Here's her explanation of why that is:
A "disclaimer of opinion" means there were material and pervasive issues that prevented the audit from being performed. Basically, the condition of the accounting information system was so poor that the auditor was unable to perform the required audit testing. This is true of the DOD, which has spent literal decades trying to get its subcomponents operating on an integrated accounting information system that complies with the federal laws. The DOD has no evidence to suggest that financial statement fraud has occurred, but it would be impossible to make this determination without performing this testing.

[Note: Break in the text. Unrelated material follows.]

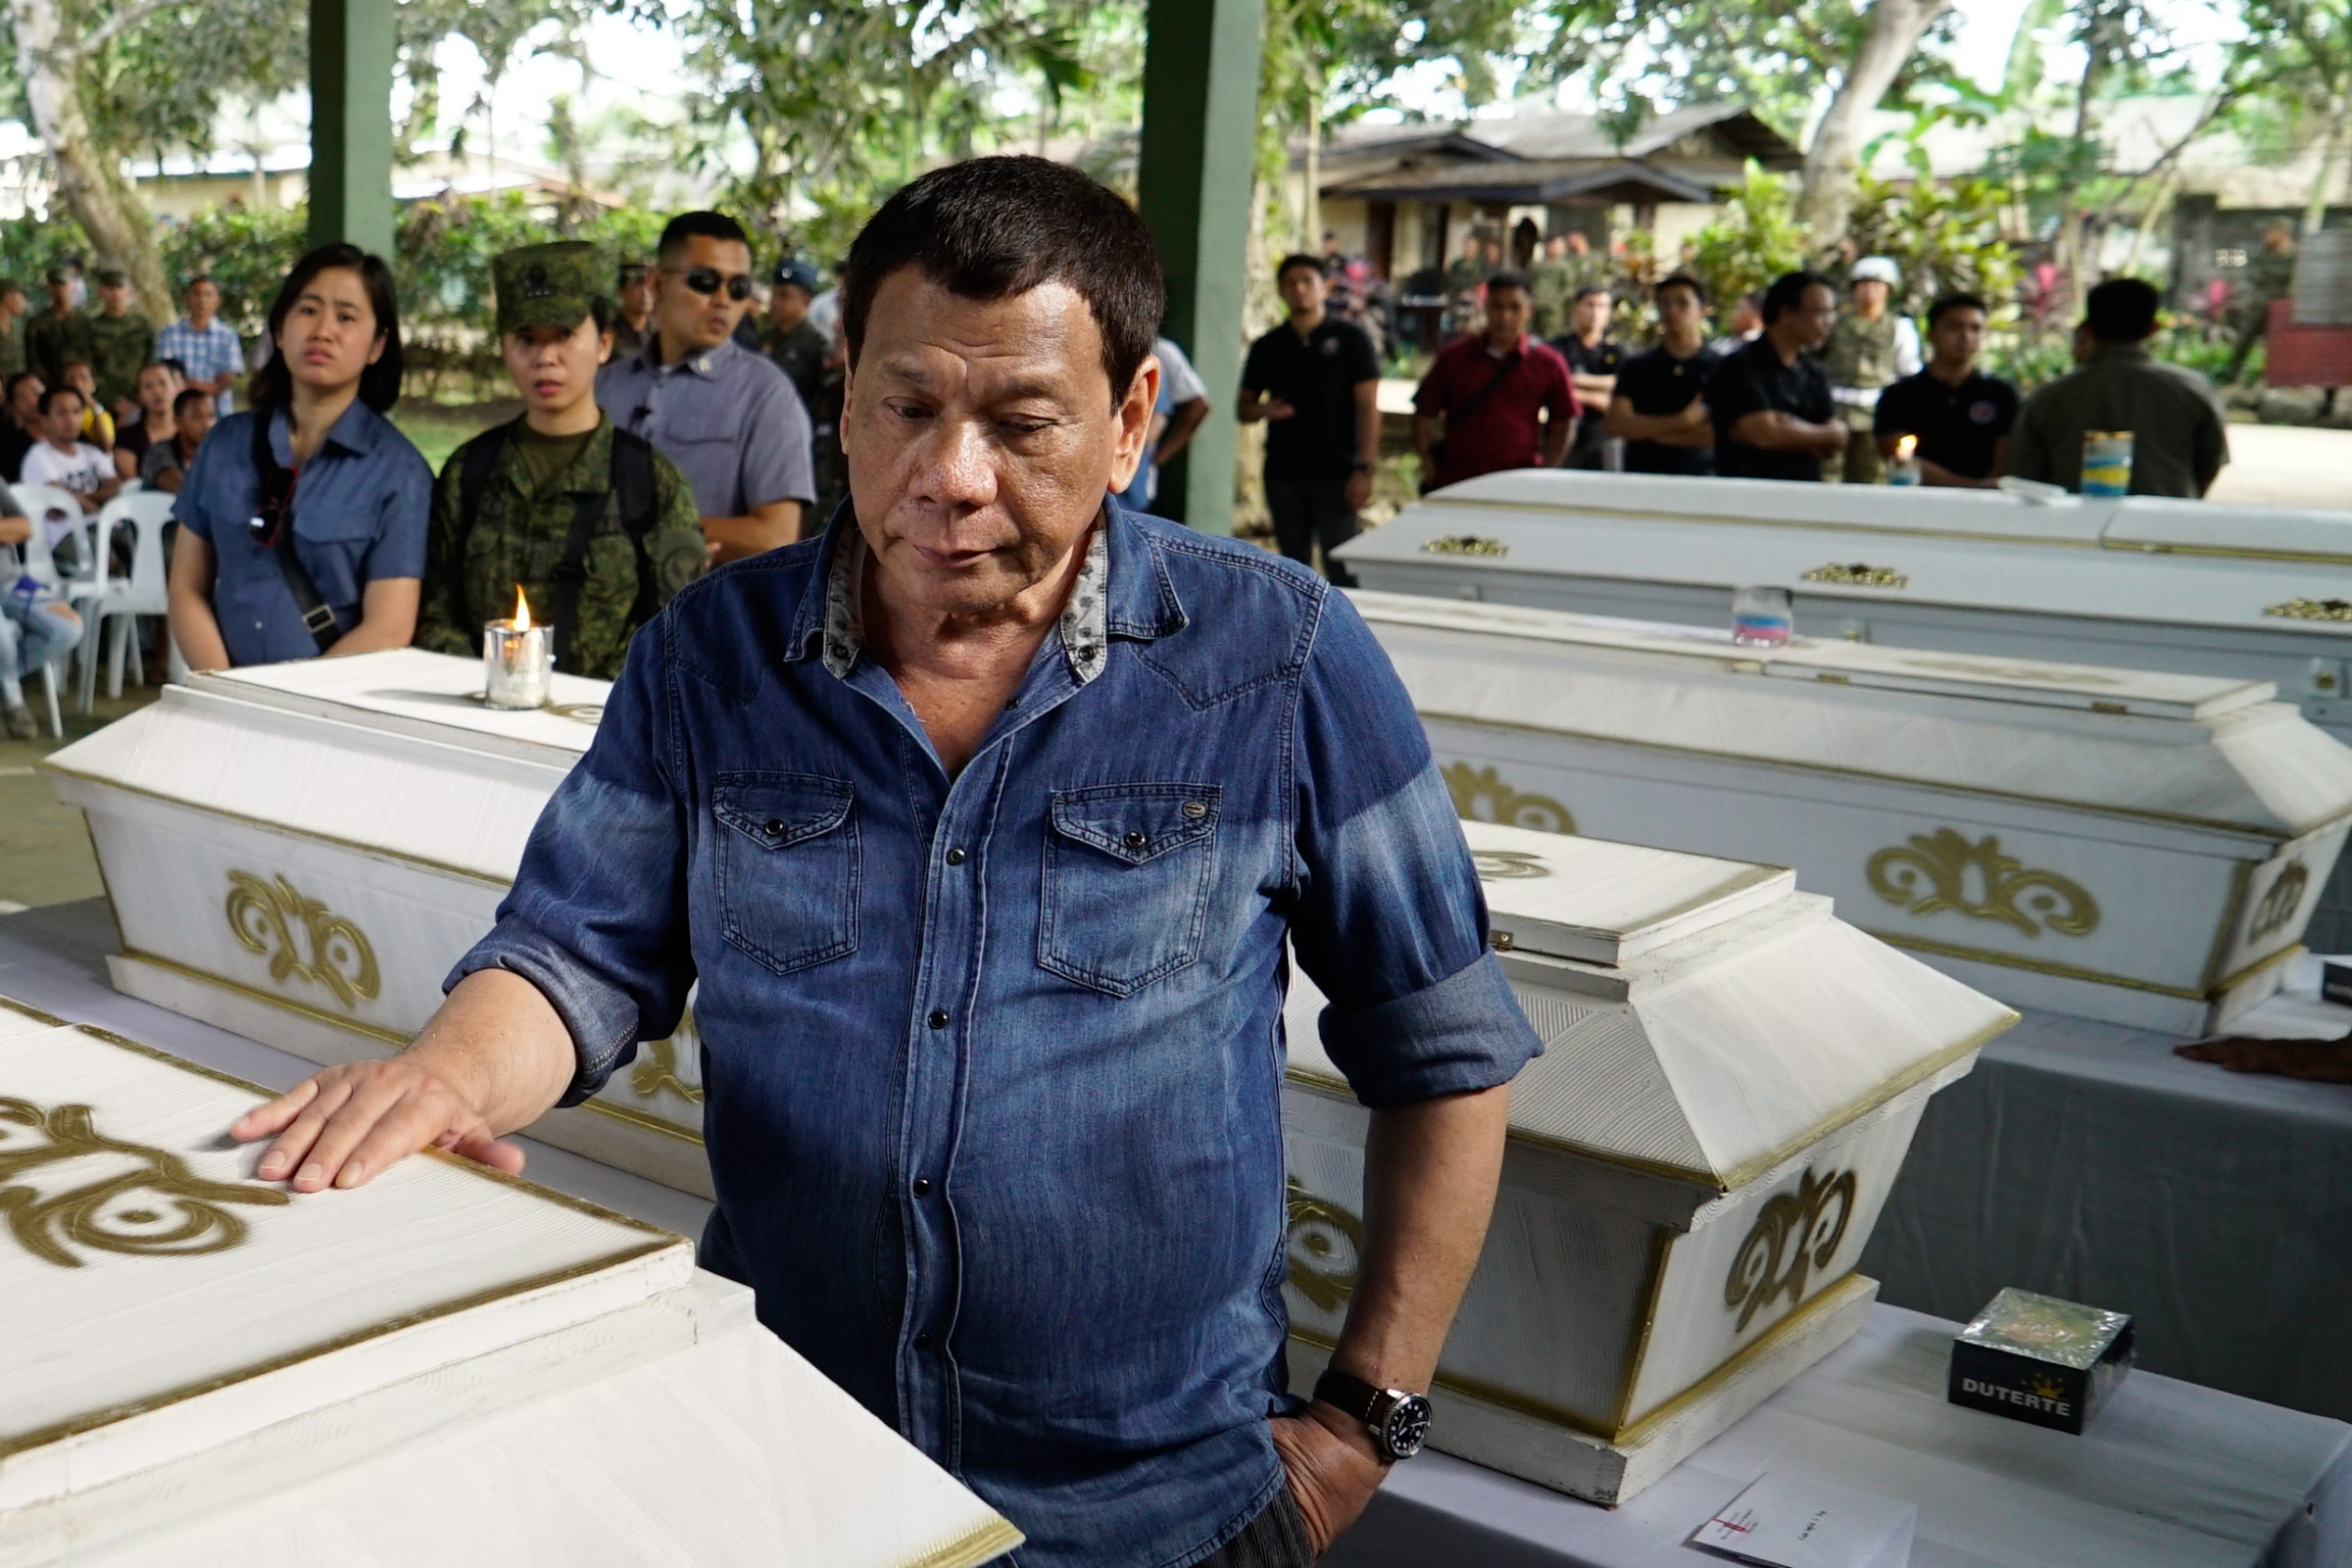 CONDOLENCES. President Rodrigo Duterte pays his last respects to one of the victims who died during the twin blasts at the Cathedral of Our Lady of Mount Carmel in Jolo, Sulu, as he visits Camp Teodulfo Bautista on January 28, 2019. Malacañang photo

Here's what Mollie Halpern, a spokesperson at the DOD OIG, told us in a phone call about whether the office considers the agency's audit performances a failure:
For seven consecutive years, yes ... the DOD has been given a disclaimer of opinion. So auditors were not able to obtain sufficient appropriate evidence to support financial statements. So we wouldn't want to say it in any other way, just because we're in the audit world, and that's what we do, right? But we also understand the reasoning behind the press and politicians saying that they've — that the DOD has failed the audit, because [the audit] can't even happen. But accurately, in our world, it's a disclaimer.
Tribou also provided Snopes with a copy of a peer-reviewed paper about the DOD's first audit she published in the Accounting Historians Journal with her co-author Frank Badua. They came to the conclusion that the "DOD 'failed' its audit but the audit process wasn't a failure because it has helped improve the DOD's financial management systems."

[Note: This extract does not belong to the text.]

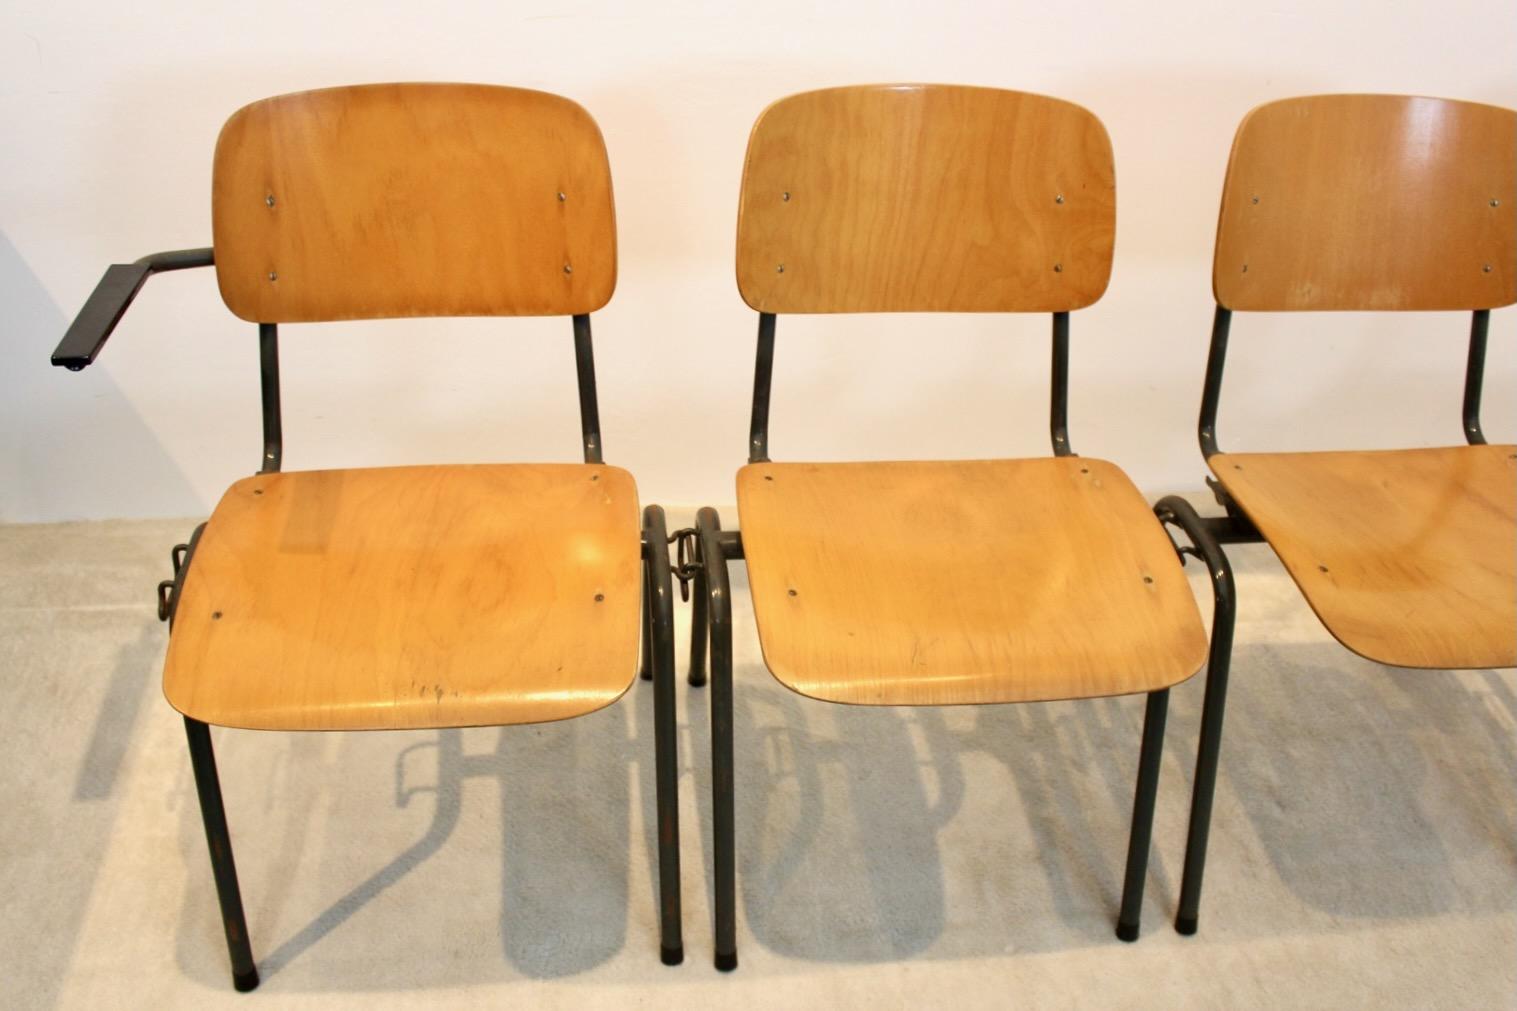 Unique Industrial Plywood Stackable School Sofa Seat by Marko Holland, 1960s For Sale 2

That is because auditors typically terminate an audit once they have reached a disclaimer of opinion — but at the Pentagon, auditors continued to perform testing to gain a fuller understanding of the issues with the agency's accounting information system. The auditors issued hundreds of recommendations and findings, allowing the Defense Department to improve its financial-reporting process — evidenced by the fact that more of the organizations receiving stand-alone audits began receiving clean audits over the years.
For example, in 2024, the DOD's Defense Threat Reduction Agency received a clean audit for the first time. Mike McCord, the department's chief financial officer and its undersecretary of defense, said he believed the department has "turned a corner in its understanding of its challenges" to receive a clean audit. In a November 2024 news conference, McCord said it would be "very unfair" to claim the Pentagon failed its seventh consecutive audit. Here's the full exchange with Bloomberg reporter Anthony Capaccio, per the DOD's transcript:
Capaccio: Is it fair to say that you failed — the Pentagon failed — for the seventh consecutive year to score an overall clean audit, but progress is being made, is that — still fair?

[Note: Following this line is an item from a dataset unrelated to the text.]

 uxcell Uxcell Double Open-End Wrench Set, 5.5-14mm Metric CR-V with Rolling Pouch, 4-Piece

McCord: I would think that's very unfair if you say that. I — do not say we failed. As I said, we have about half clean opinions. We have half that are not clean opinions, so. If someone had a report card that is half good and half not good, I don't know that you call the student or the report card a failure. We have a lot of work to do and but — I think we're making progress as I said.
Capaccio: What's the more accurate verb then if it's not failed?
McCord: We had — I — first of all, I guess, I don't know if I would reduce it to one word or not. We — have made progress and we need to get better and faster.
In 2018, news outlets reported that then-Deputy Secretary of Defense Patrick Shanahan told journalists that the agency "failed its audit" but "never expected to pass it," meaning that at the time, top Pentagon officials also considered the 2018 disclaimer of opinion rating a failure.